SOURCE MATERIAL
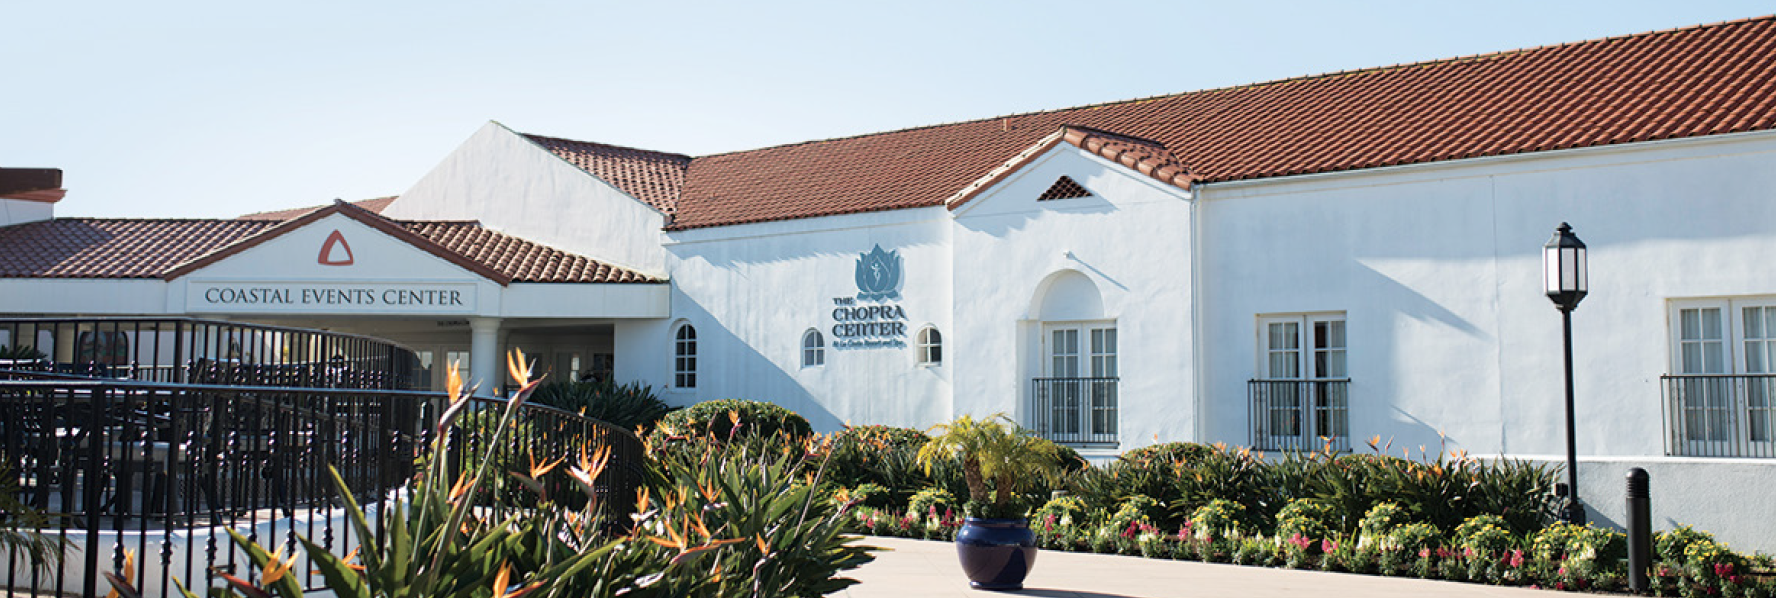 Chopra Center Carlsbad California
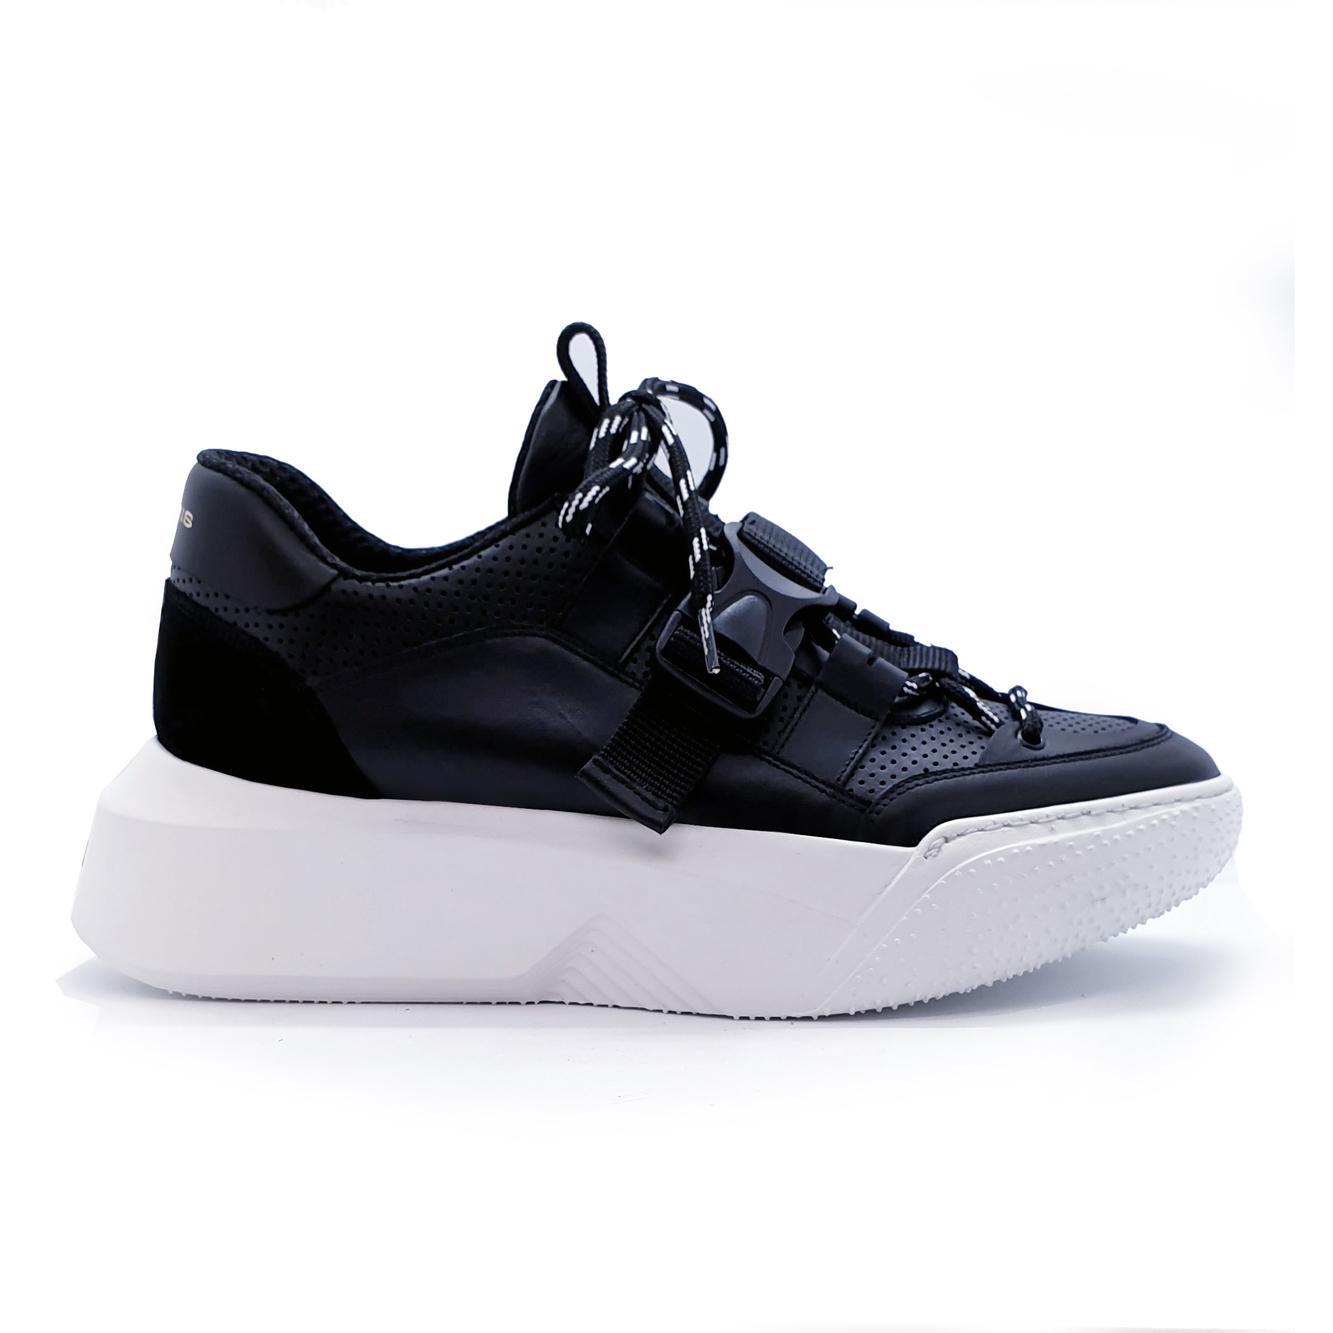 X13 BLACK
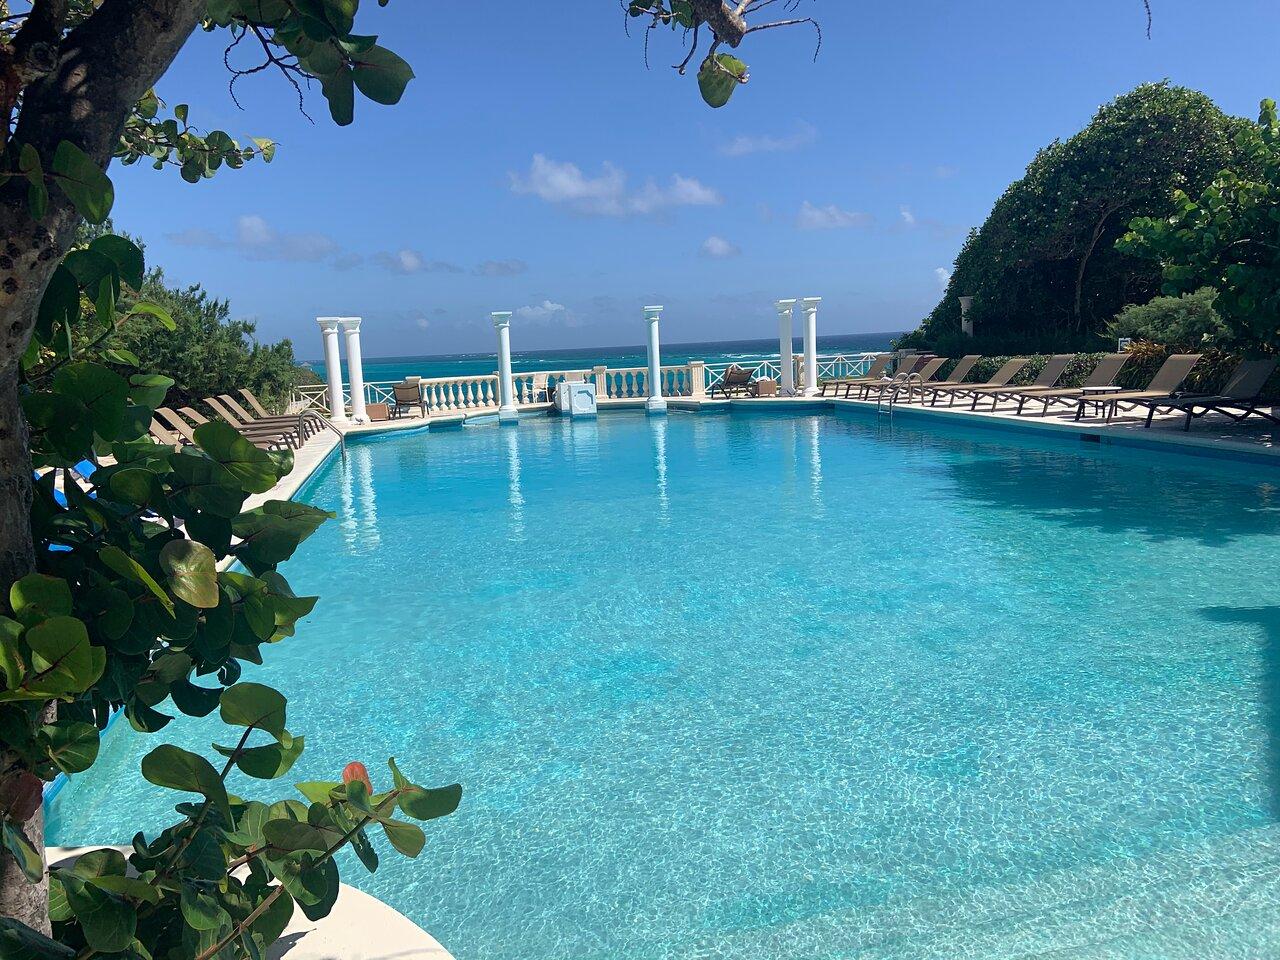 The Crane Resort Pool Area

WHAT YOU NEED TO DO
Output the full material exactly as given, without its pictures.

EXERCISE RESPONSE
 Chopra Center Carlsbad California
 X13 BLACK
 The Crane Resort Pool Area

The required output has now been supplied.